Work instructions> With the images removed, return every line below exactly as it reads.

The data>
○ ○ ○
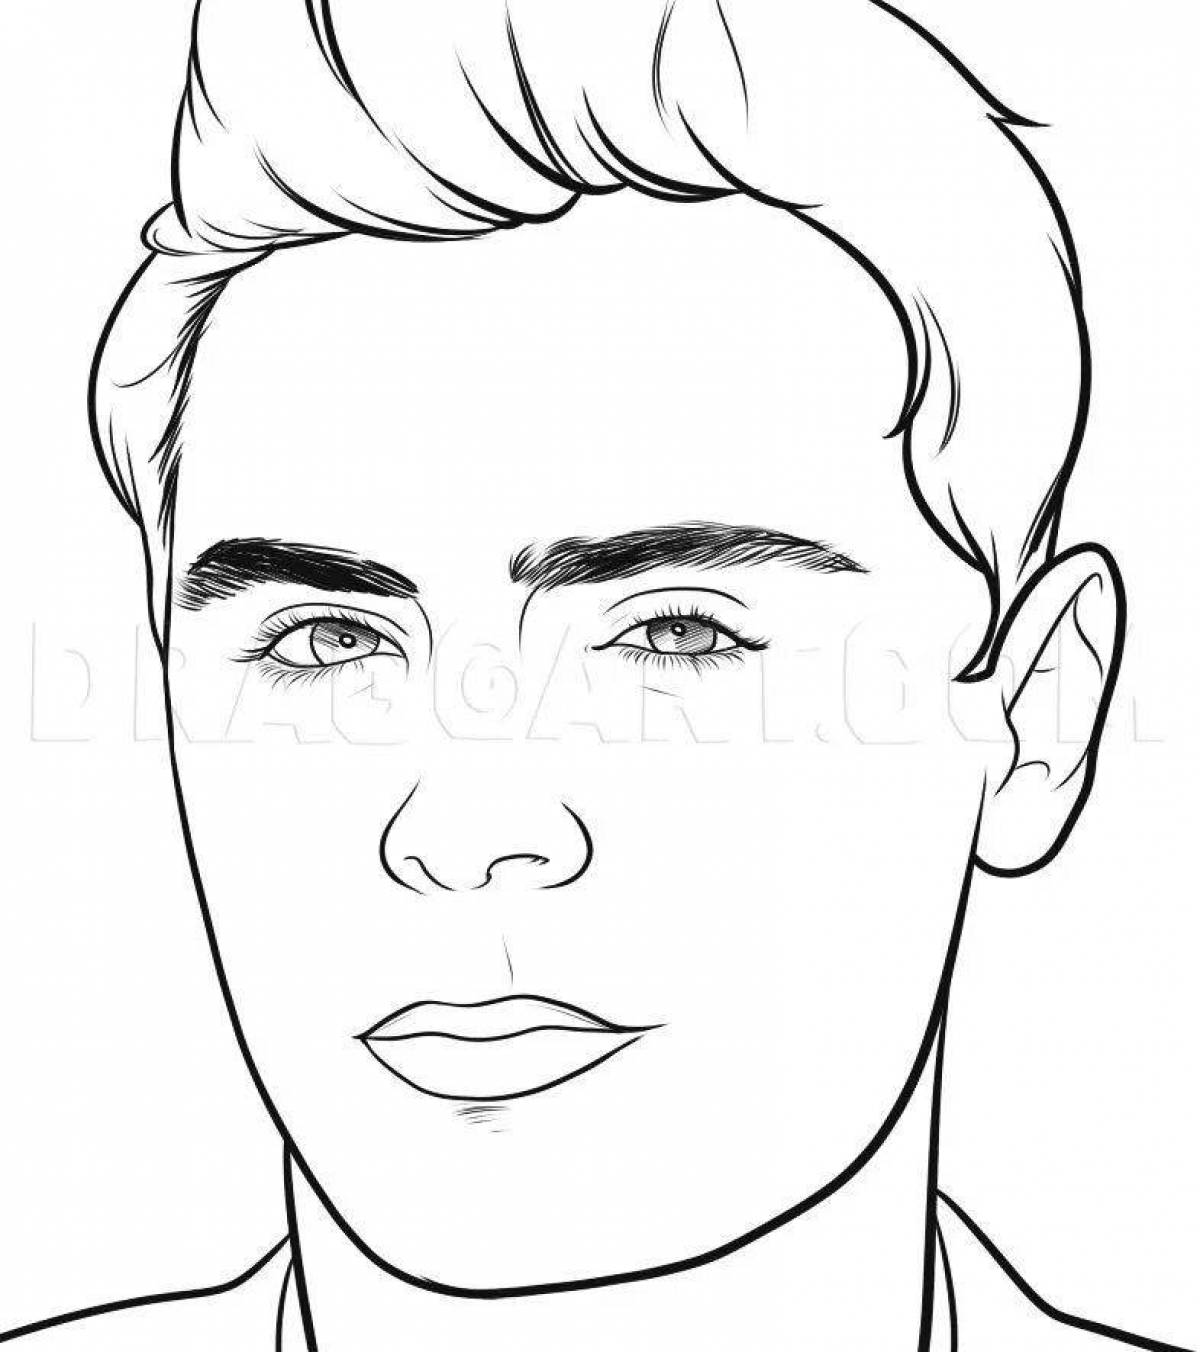 Coloring page of a balanced person's face
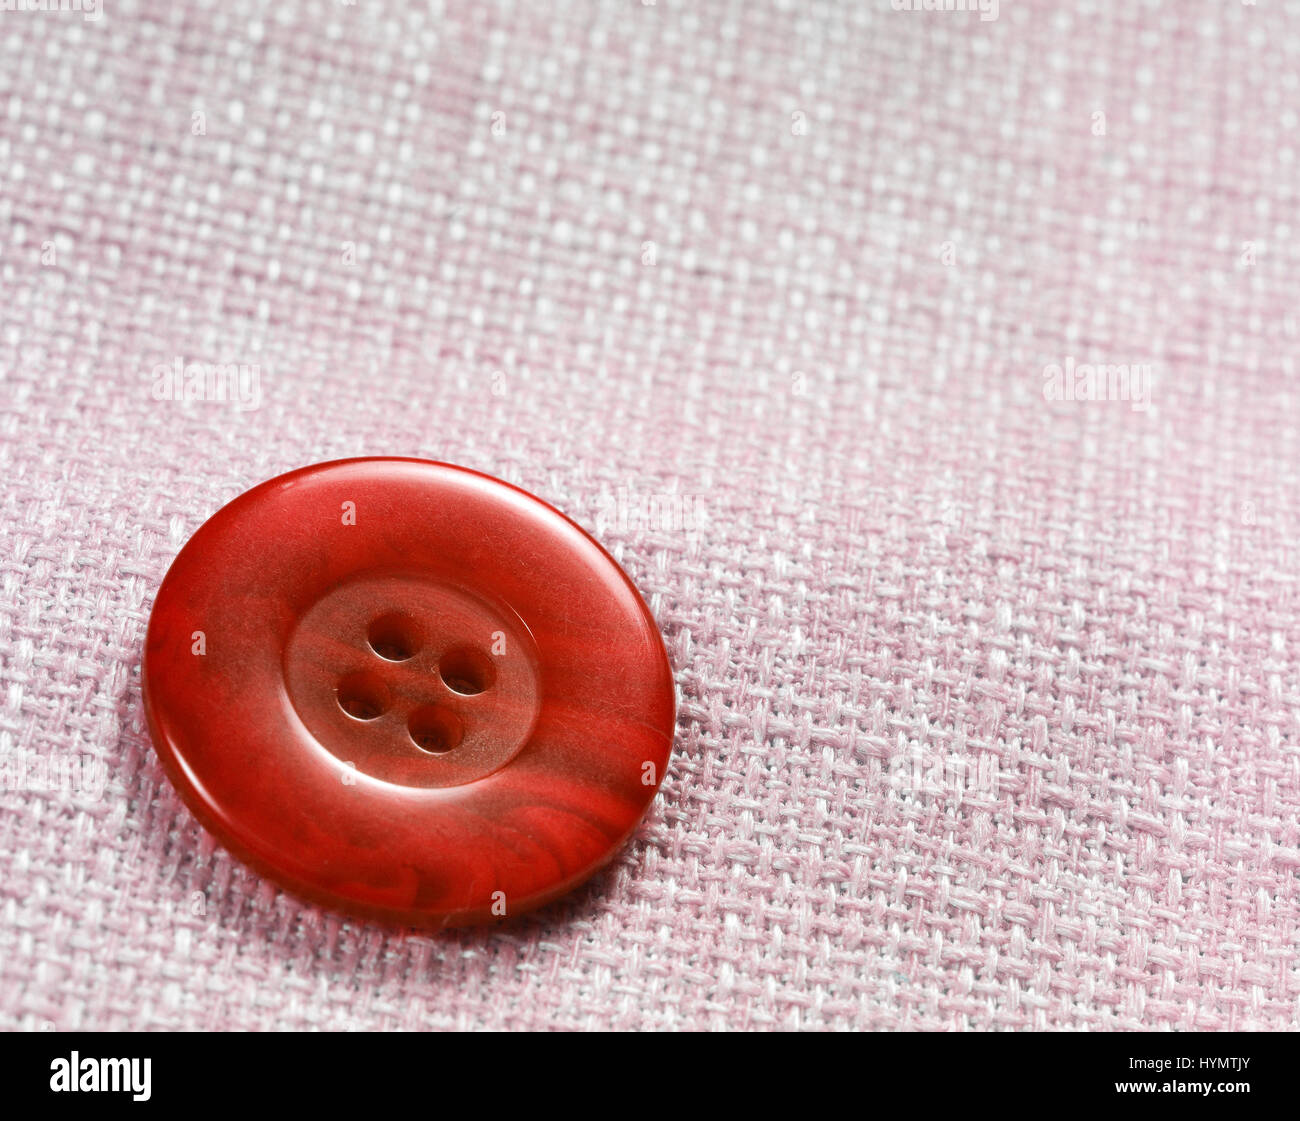 Single Red Button Stock Photo
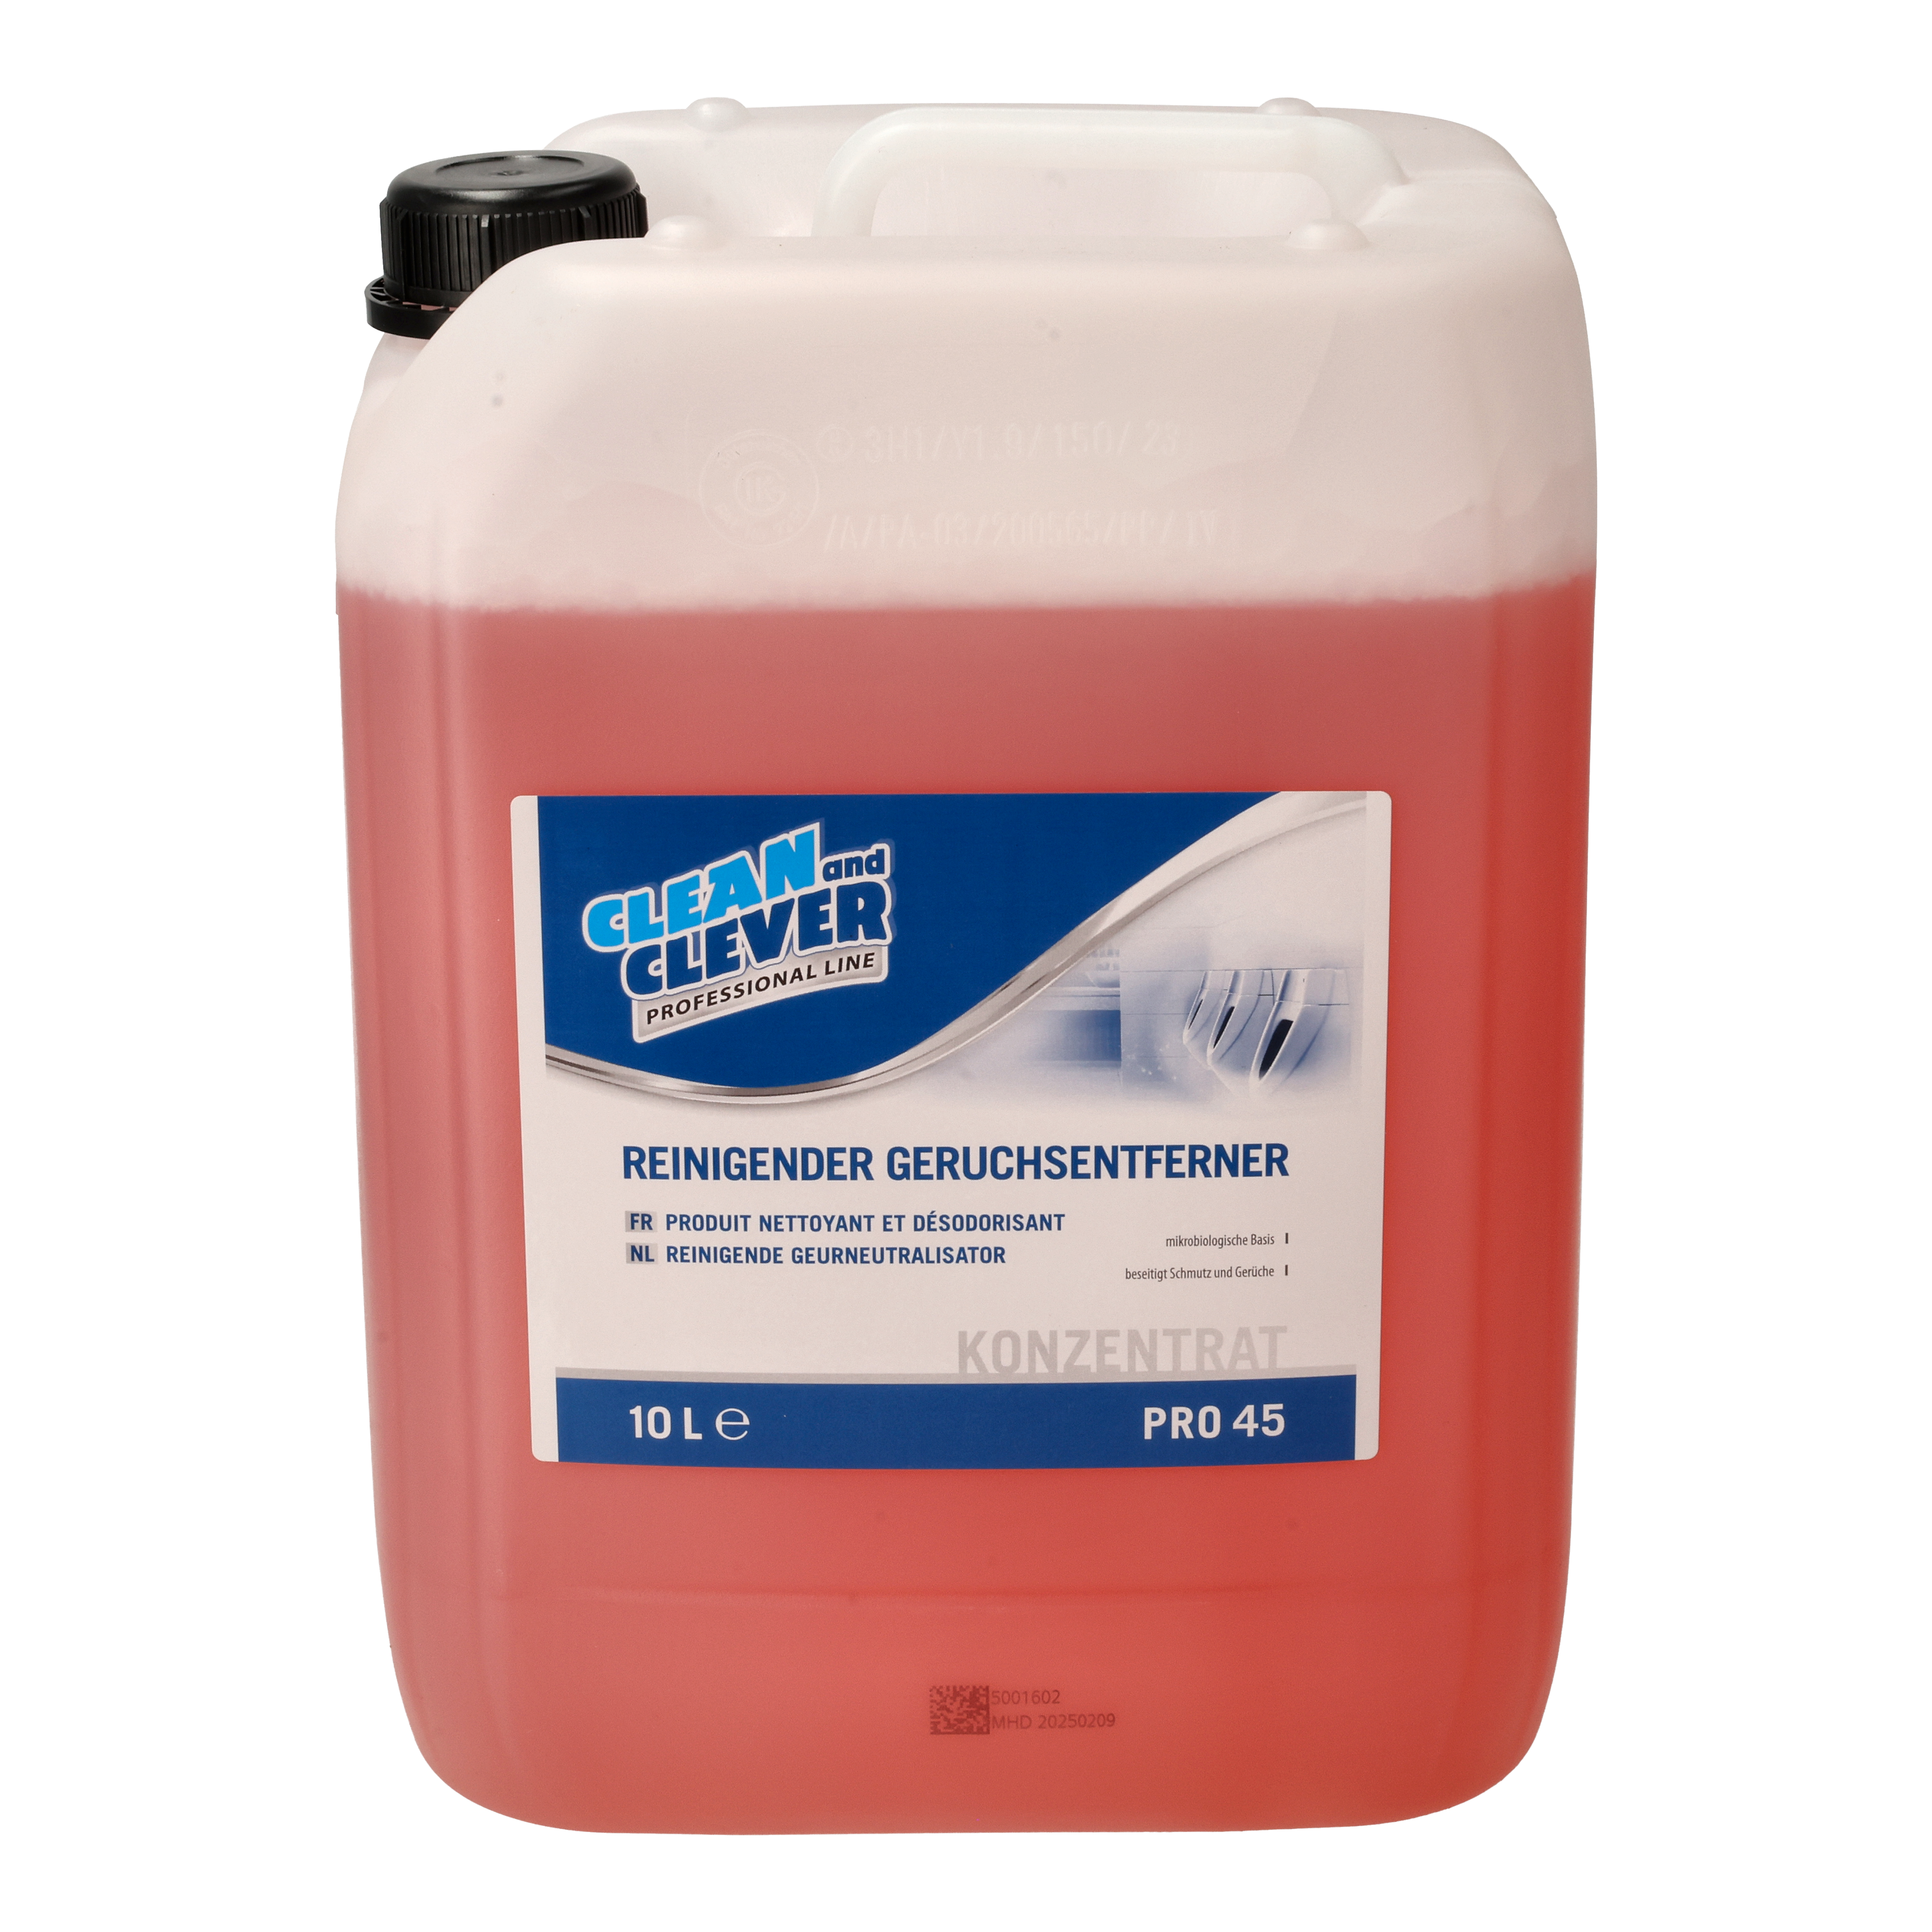 CLEAN and CLEVER PROFESSIONAL Geruchsentferner PRO45 - 10 Liter
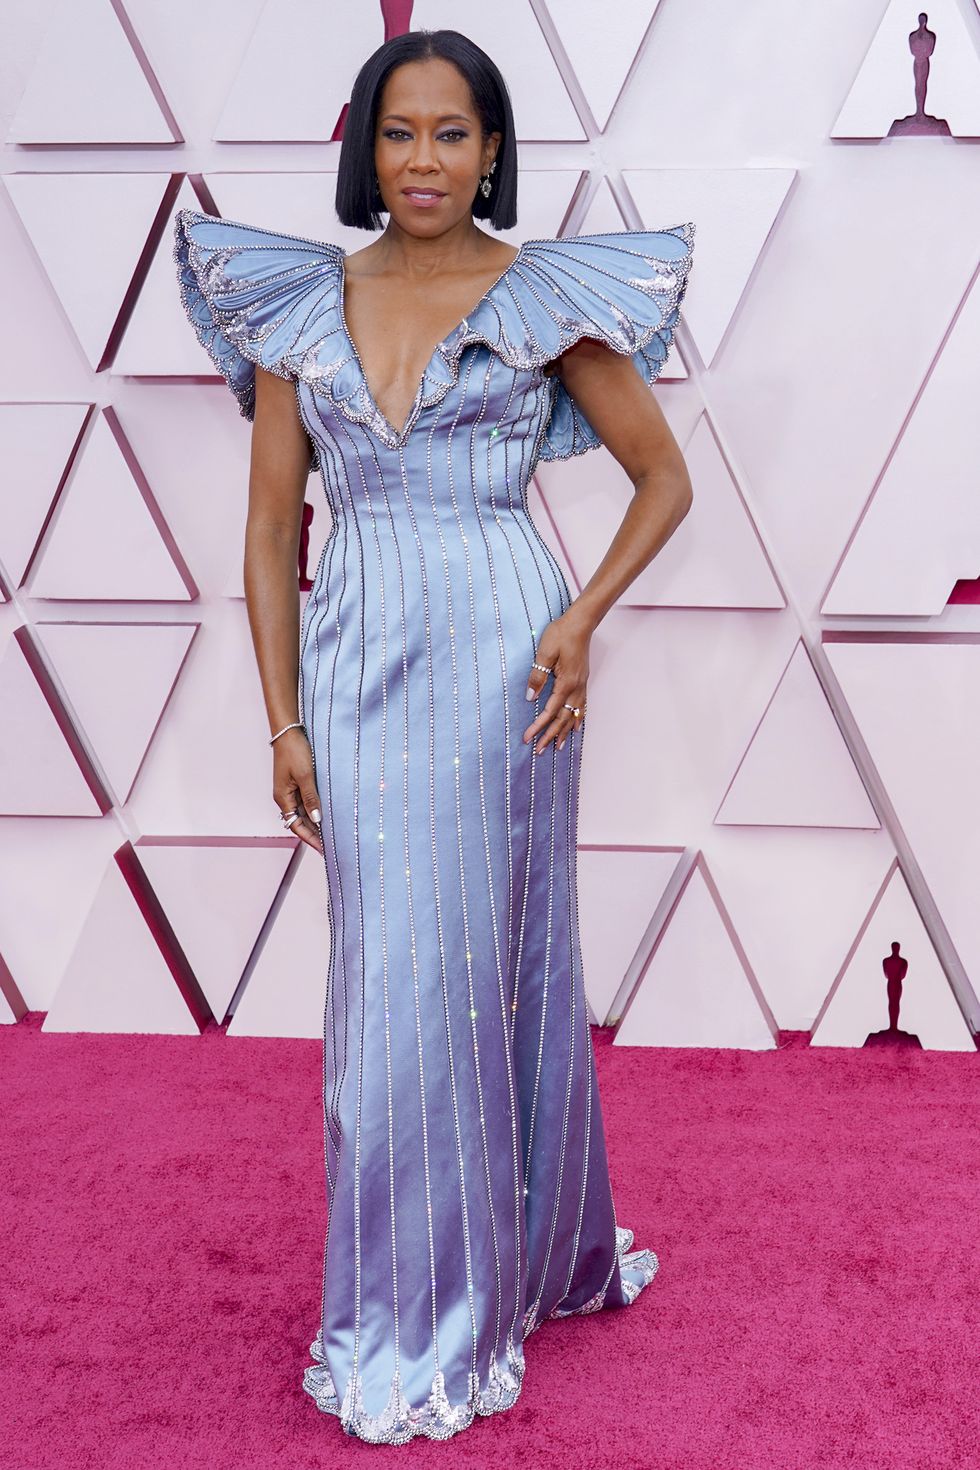 regina king in louis vuitton at the oscars in 2021
○ ○ ○
Answer space>
 Coloring page of a balanced person's face
 Single Red Button Stock Photo
 CLEAN and CLEVER PROFESSIONAL Geruchsentferner PRO45 - 10 Liter
 regina king in louis vuitton at the oscars in 2021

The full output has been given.